イメージャ/MEMS/医療/ディスプレイ

 「イメージャ/MEMS/医療/ディスプレイ」でも、アジアの強さが目立つ。特に、イメージャと測距センサーをテーマにした「Session 7」では、発表される論文9件のうち7件が日本と韓国からのもので、アジア勢の活発さが見て取れる。

 説明を担当したソニーセミコンダクタソリューションズの若林隼人氏は、このカテゴリーのトレンドとして、マルチカメラの普及、AR(拡張現実)/VR(仮想現実)や自動運転に向けたRGBセンサーや測距センサーの需要拡大が進んでいることを挙げた。

「イメージャ/MEMS/医療/ディスプレイ」で報告される予定の測距センサー、イメージセンサーの内容 出典:ISSCC ITPC Far East Regional Subcommittee(クリックで拡大)

 注目論文としては、まずSamsungが[7.1]番で4Tap型の120万画素間接ToF(Time of Flight)イメージセンサーを報告する。ピーク電流を抑制でき、複数のユーザー間での干渉を除去する機能を搭載している。

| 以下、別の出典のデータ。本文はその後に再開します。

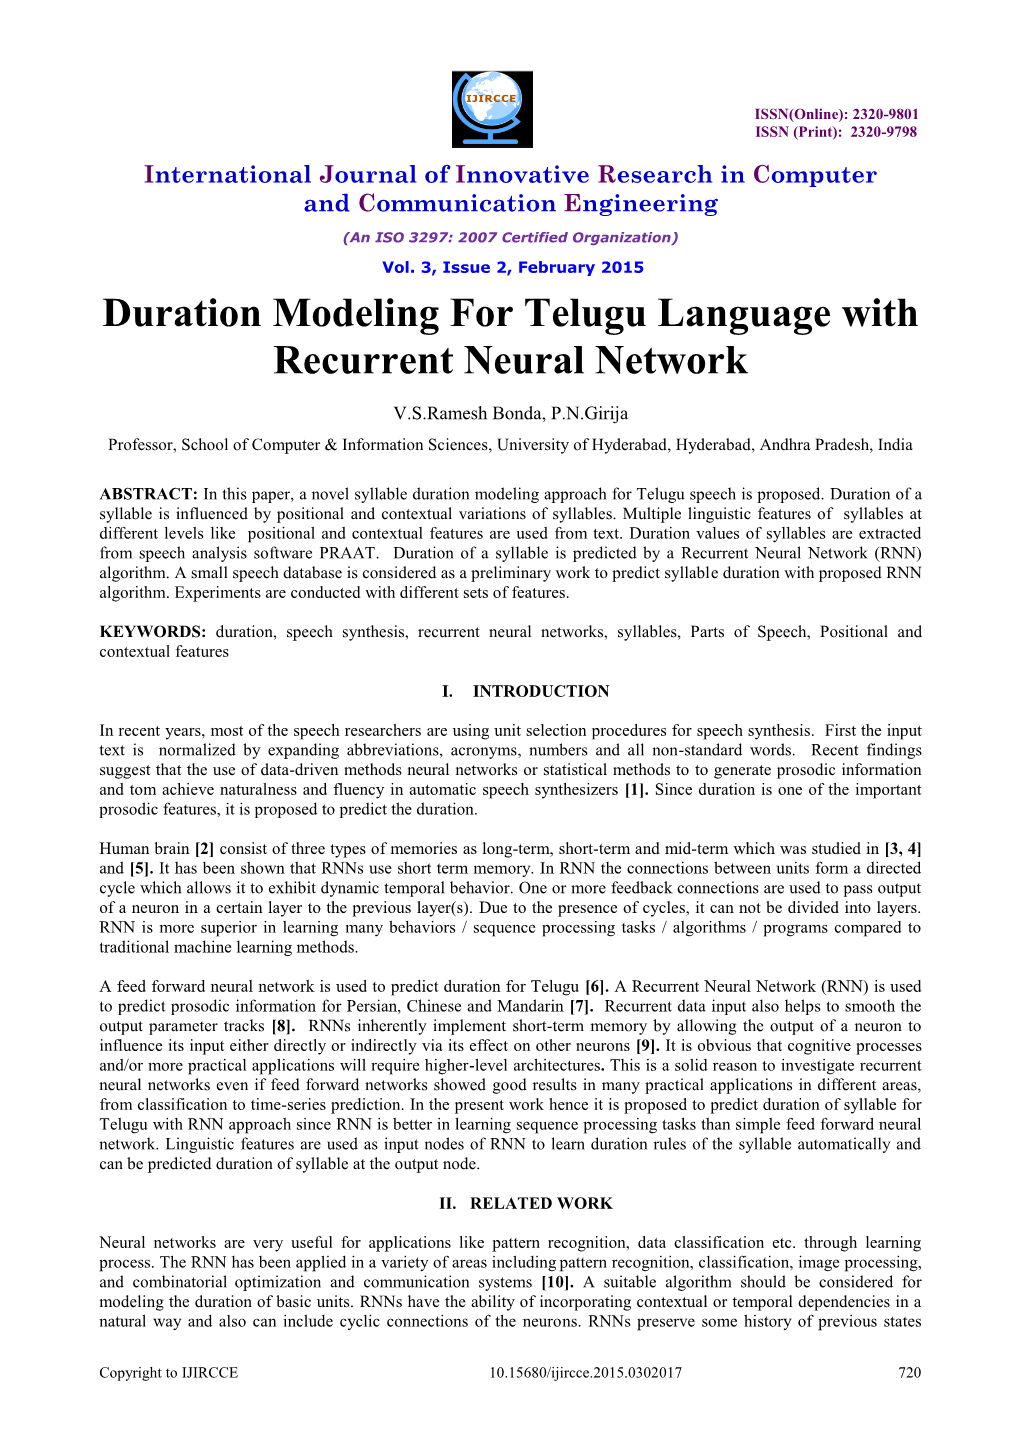 Duration Modeling for Telugu Language with Recurrent Neural Network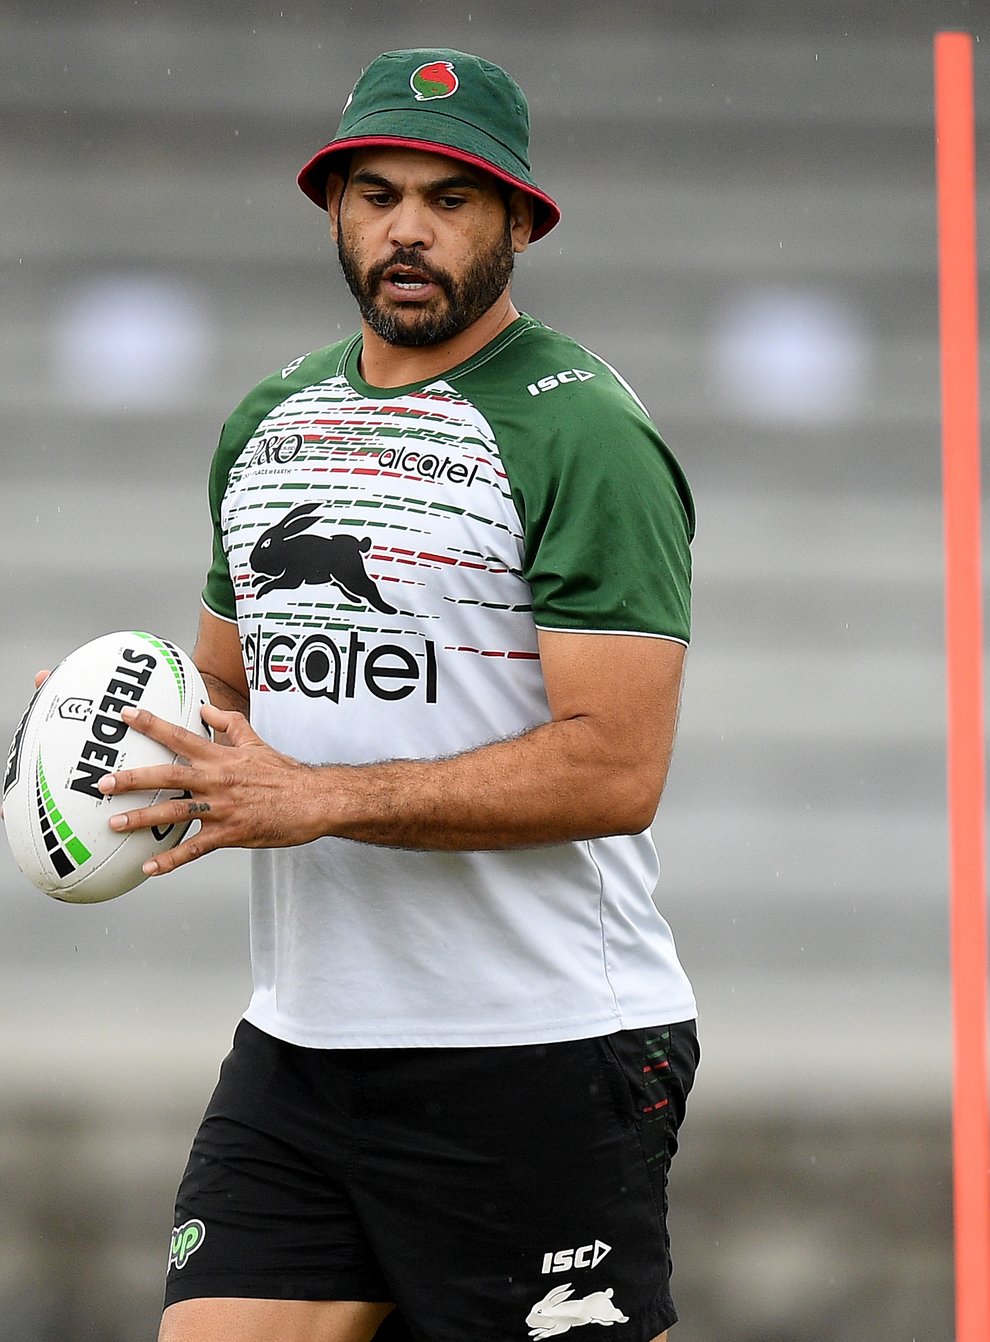 Inglis will play in the Super League next season

 ソニーセミコンダクタソリューションズは[7.3]番の論文で、車載向けの直接型ToFイメージセンサーを発表する。117klux(キロルクス)という明るい環境の下でも、200mという長いレンジを0.1%の精度で測距できることが特長だ。[7.6]番では、14ビットデルタシグマA-D変換器を搭載した裏面照射型CMOSイメージセンサーを発表する。このA-D変換器にはkTC雑音を除去できるS/H(サンプル&ホールド)回路を用いているので、1.18ermの低ノイズと、250fpsの高速読み出しを達成したという。